While it is too soon to make a
definite call, there are indications that the Aussie dollar against the US
dollar (AUDUSD) might be starting to make a turn from a rising trend to a
falling one. All concerned parties, most notably the Reserve Bank of Australia
(RBA), are now depending on US dollar strength to be the mechanism for causing
a fall in the Australian unit.
While Aussie authorities would prefer
a lower currency they are not keen to take positive action themselves, such as
lowering interest rates, in order to achieve it. Therefore they seem to have
been depending on a strengthening of the greenback. But now the Sydney
Morning Herald has reported a Goldman Sachs analyst as saying that the Aussie
central bank may succumb to the pressure to cut rates before the end of this
year in order to get the desired result.
Technically, the AUDUSD pair has now
established a lower high on the daily chart (arrowed above), and is reaching
for the 200 Day Exponential Moving Average, to the downside. A sustained move
below this would be significant.
FOMC:
“As you were” but USD now positive
Yesterday’s FOMC monetary policy statement, while not
telling us anything new at all, also did not change the long term outlook for the US
dollar, which is positive. Separately, US GDP figures were stellar, coming in at an
annual rate of 4% as against 3% expected, and adding to the positivity.

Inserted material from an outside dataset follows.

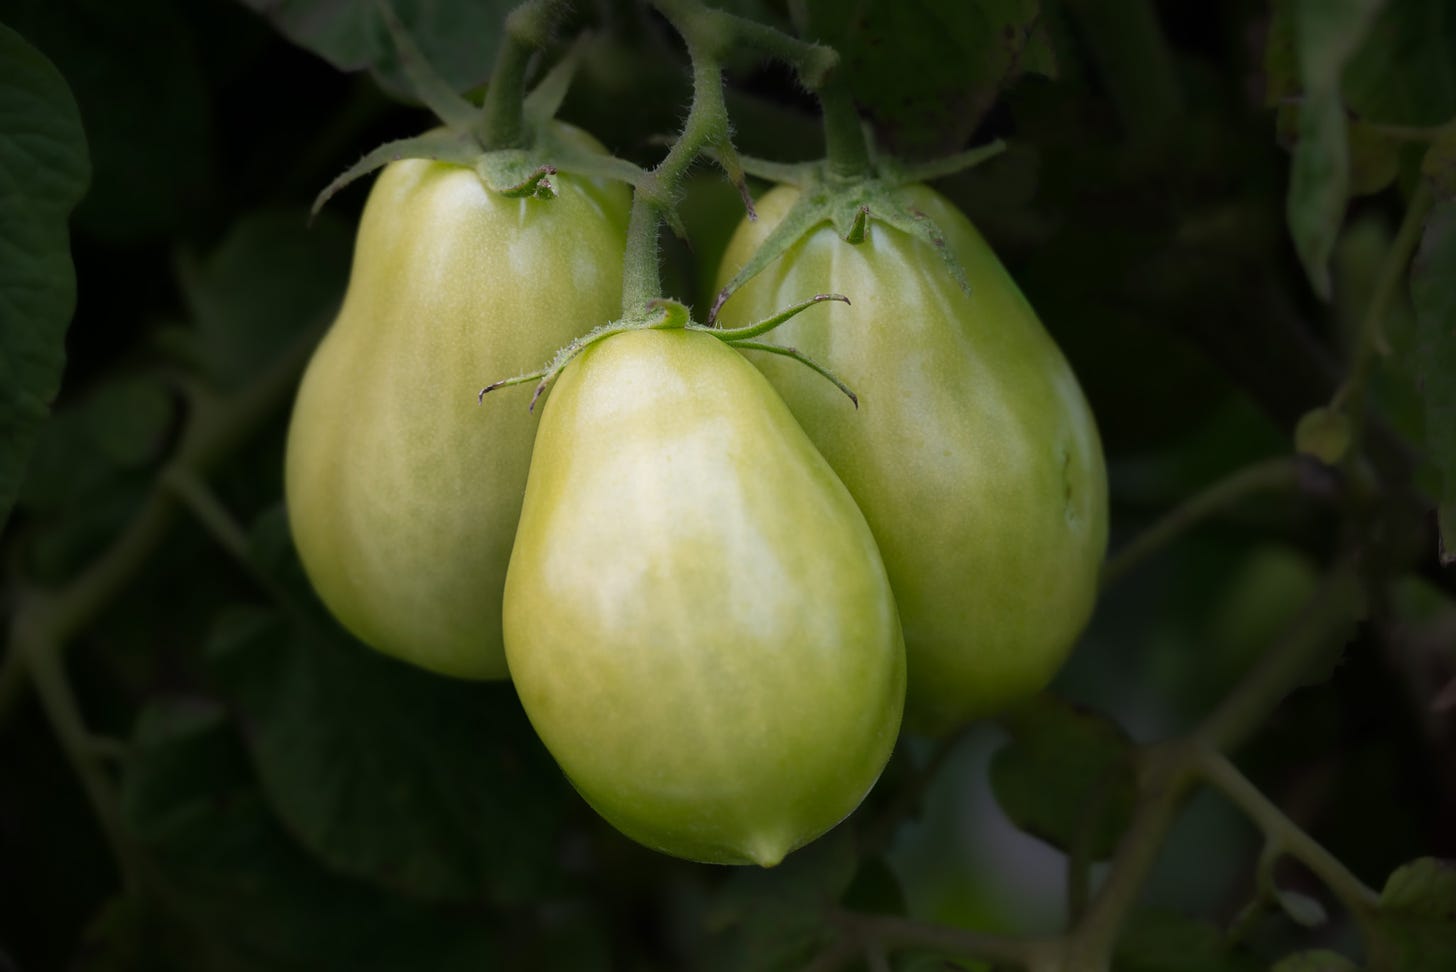 A clump of three green Roma tomatoes still ripening on the vine

However, these are subject to revision. The ADP jobs report was inconclusive,
coming in a bit below expectations but on the back of an historical uncertainty
as to its accuracy in predicting the Non-Farm Payrolls number, which is the
only one that counts as far as the Fed is concerned. This comes out tomorrow,
Friday.
US bond yields are still in an upward
trajectory. The Yen, or USDJPY pair, while remaining in a sideways range, at
least reacted to the news yesterday by moving to the top of that range. This
pair is traditionally sensitive to US bond yields and the move up has to be
another early indicator of US dollar prospects, longer term.